With every picture left out, give the data below back exactly.

Information shown.
===============

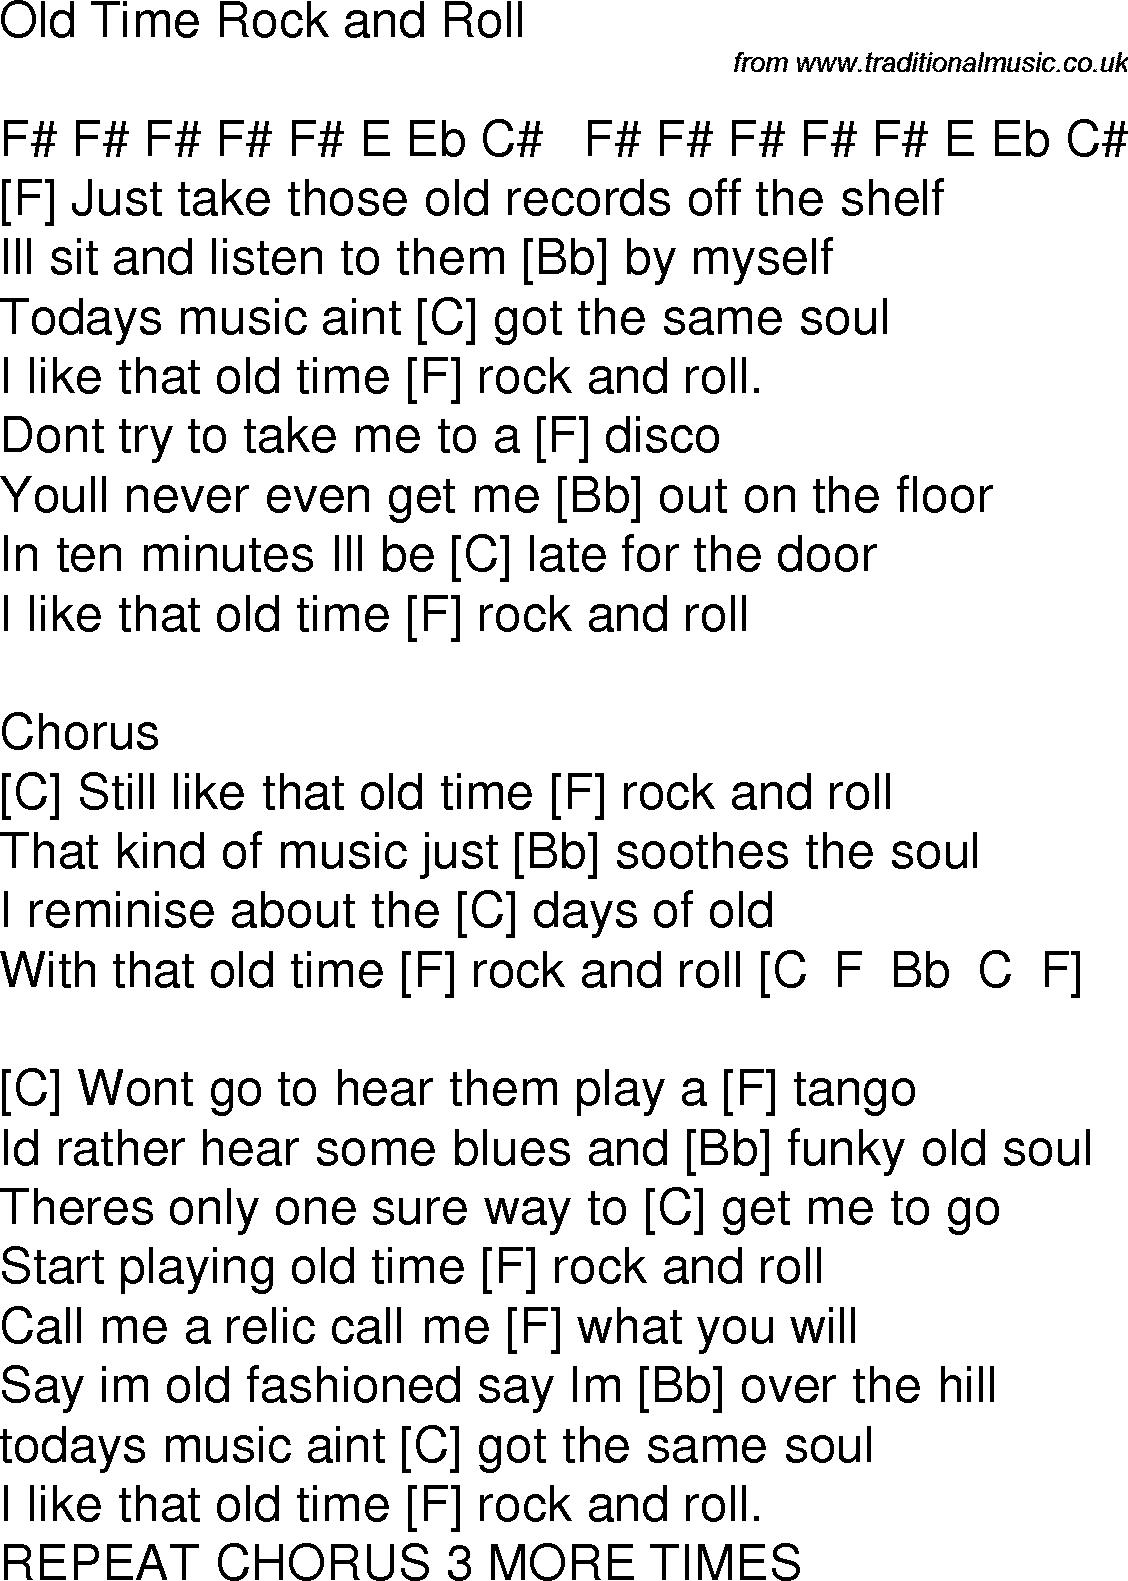 Old time song lyrics with chords for Old Time Rock And Roll F
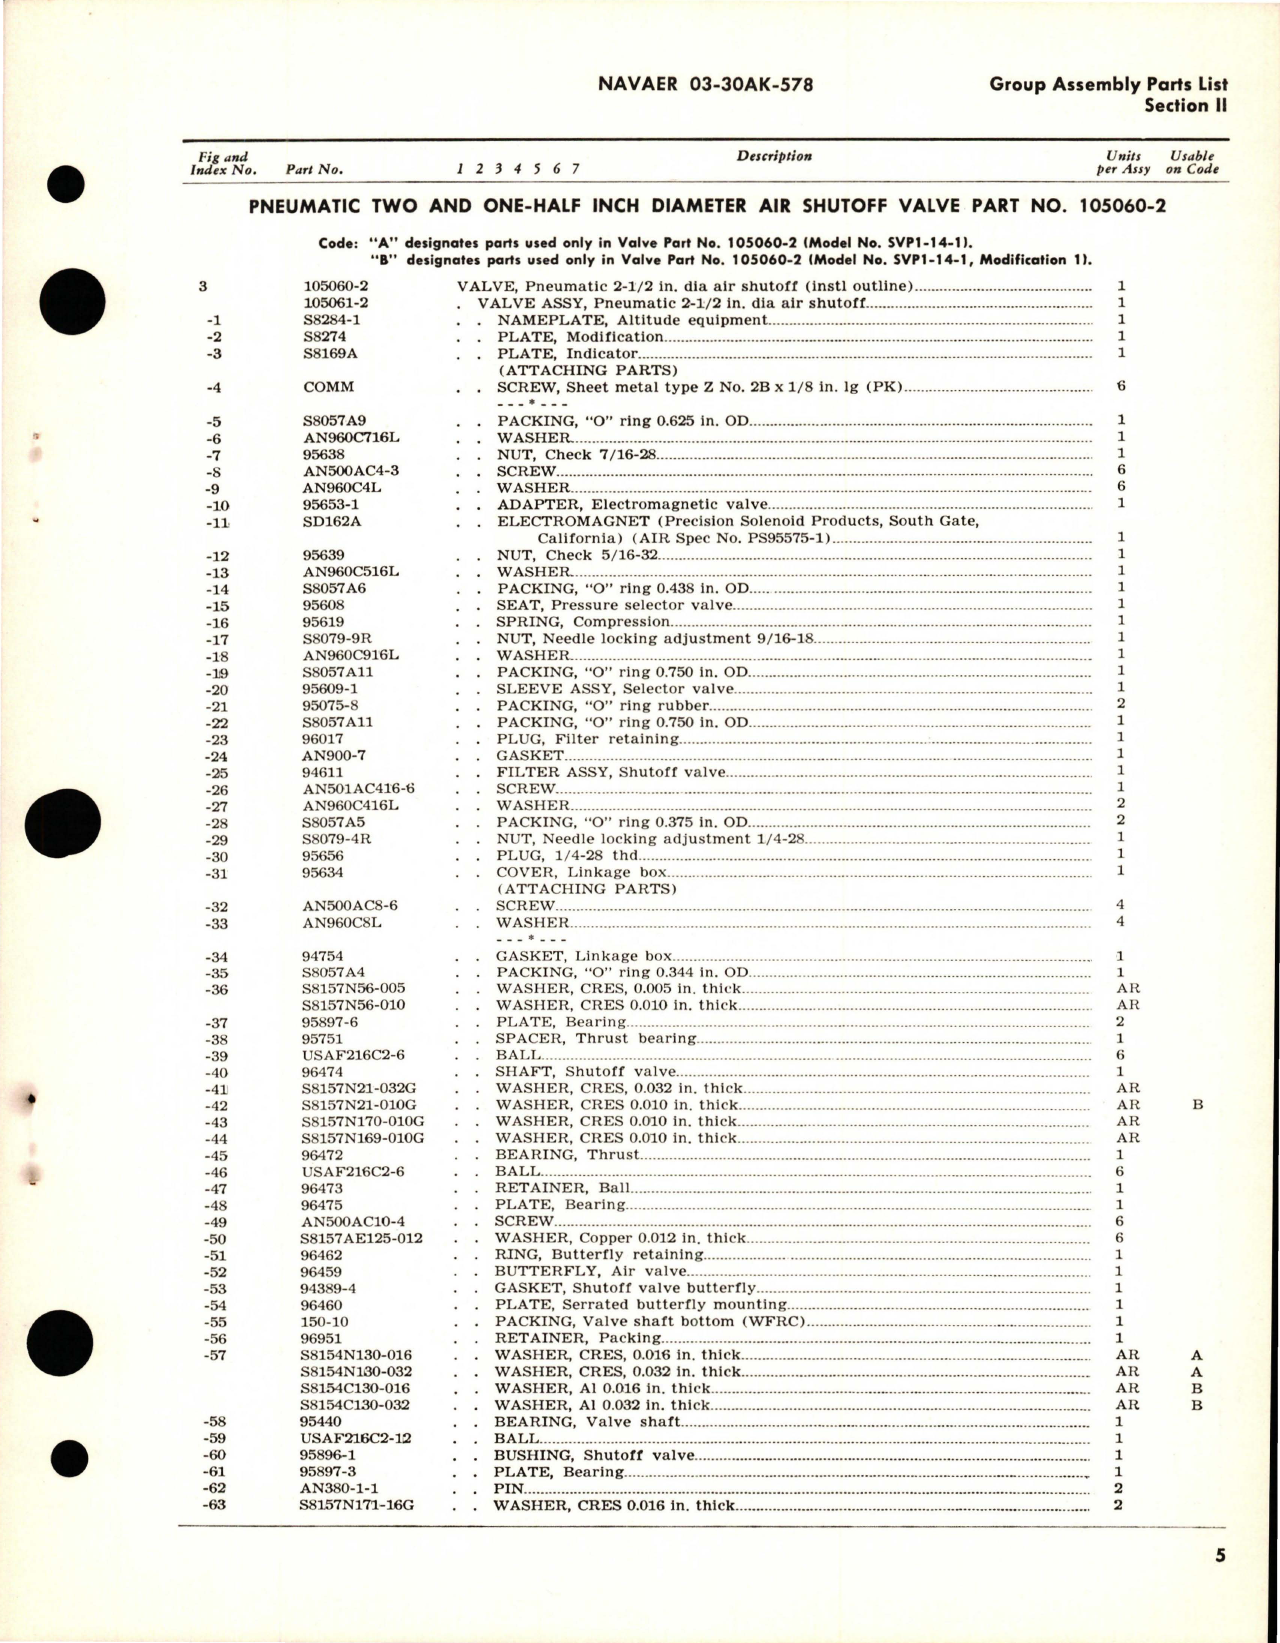 Sample page 7 from AirCorps Library document: Illustrated Parts Breakdown for Pneumatic Air Shutoff Valves 
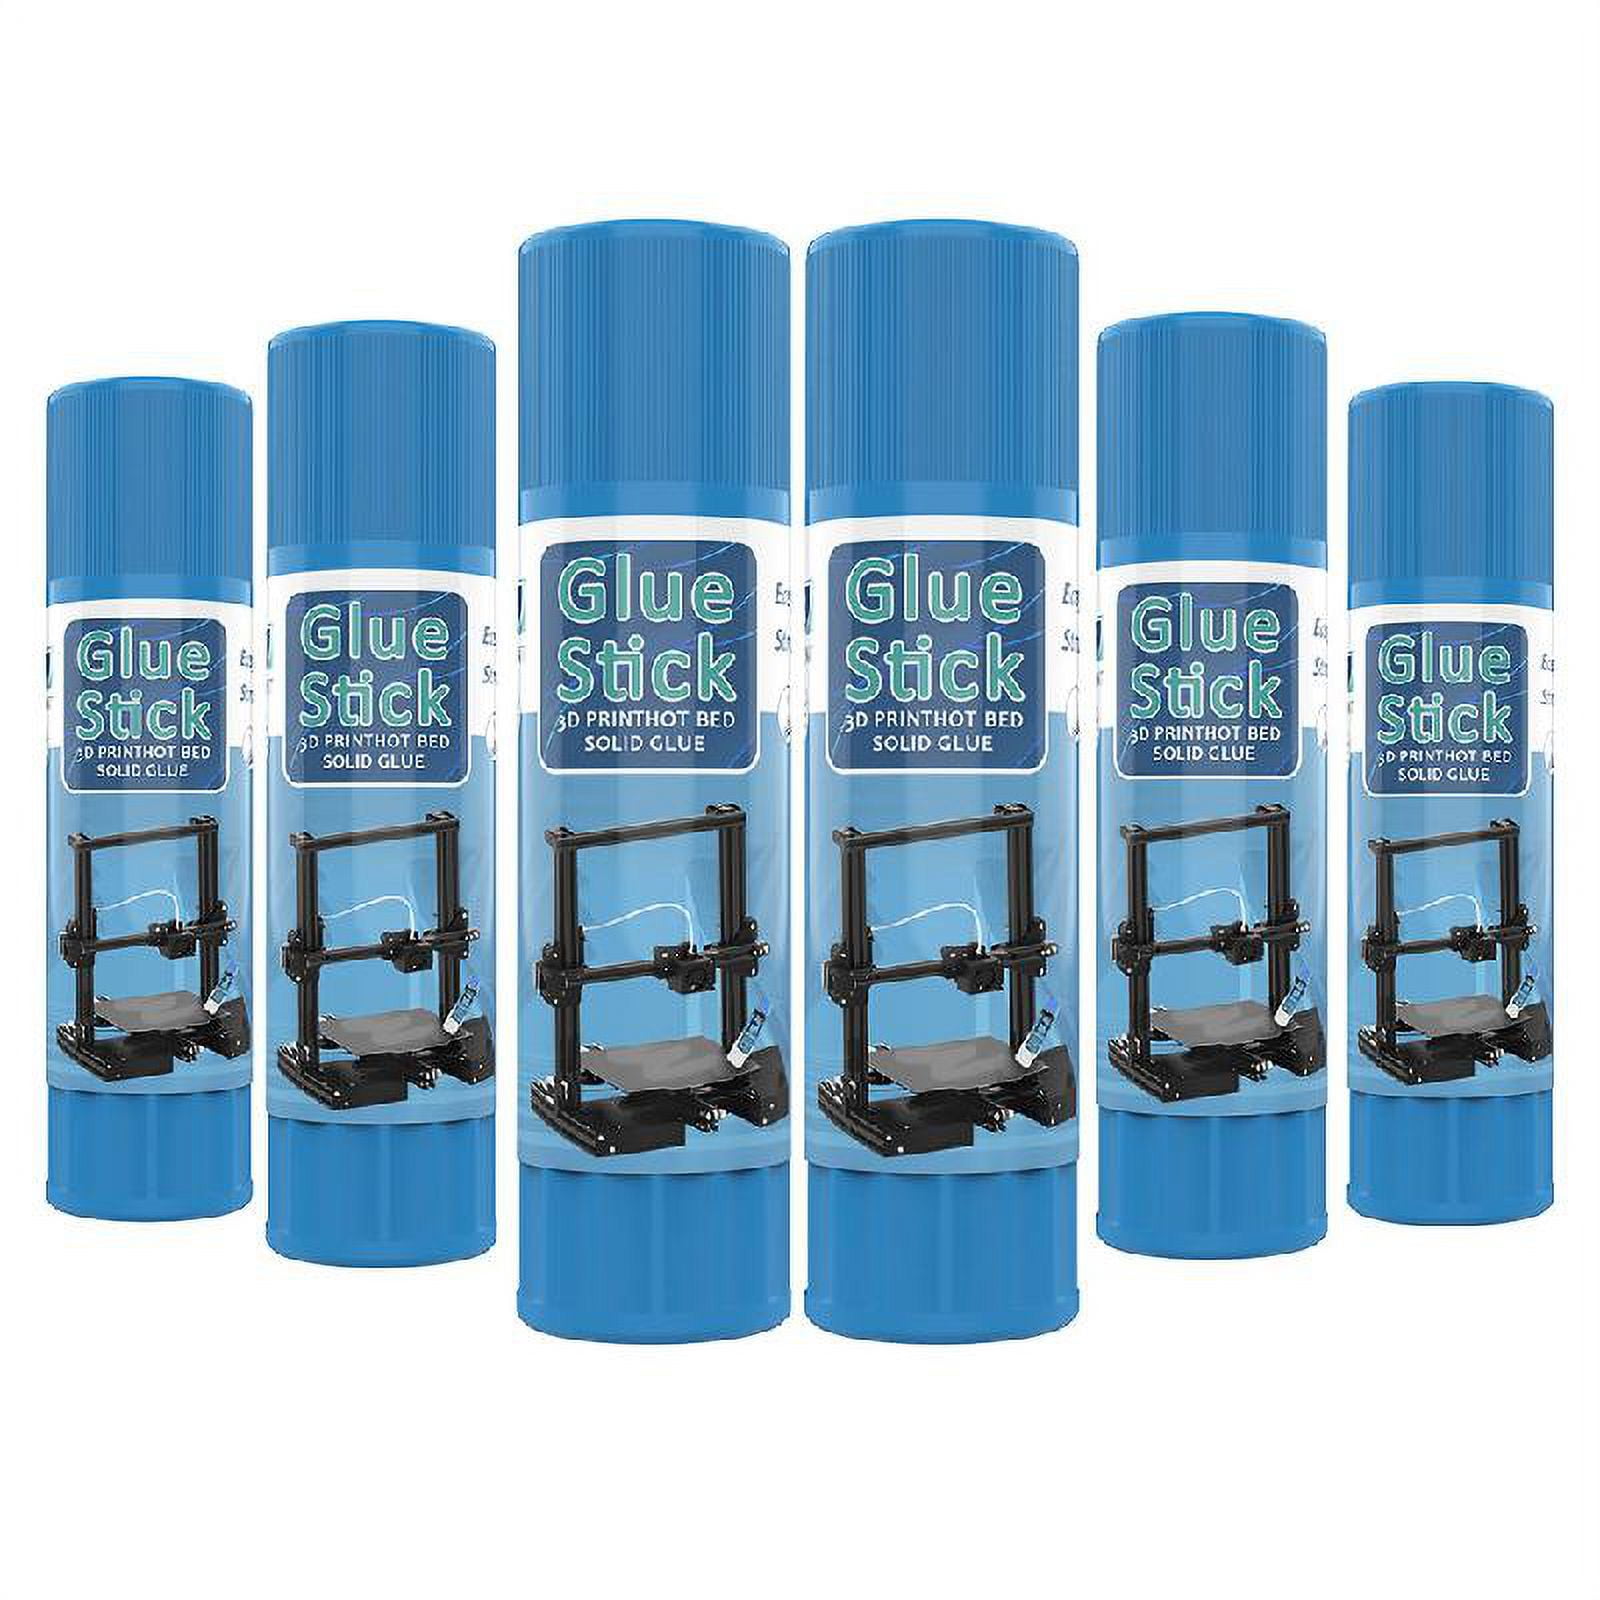  Geeetech 6 Pieces 3D Printer Glue Sticks 36 Gram Each PVP Solid  Glue Stick for 3D Printer Hot Bed, Water-Soluble Glue Stick, Quick Dry,  Easy to Stick and Washable : Industrial

===============

Exercise response.
 Old time song lyrics with chords for Old Time Rock And Roll F
 Sample page 7 from AirCorps Library document: Illustrated Parts Breakdown for Pneumatic Air Shutoff Valves 
  Geeetech 6 Pieces 3D Printer Glue Sticks 36 Gram Each PVP Solid  Glue Stick for 3D Printer Hot Bed, Water-Soluble Glue Stick, Quick Dry,  Easy to Stick and Washable : Industrial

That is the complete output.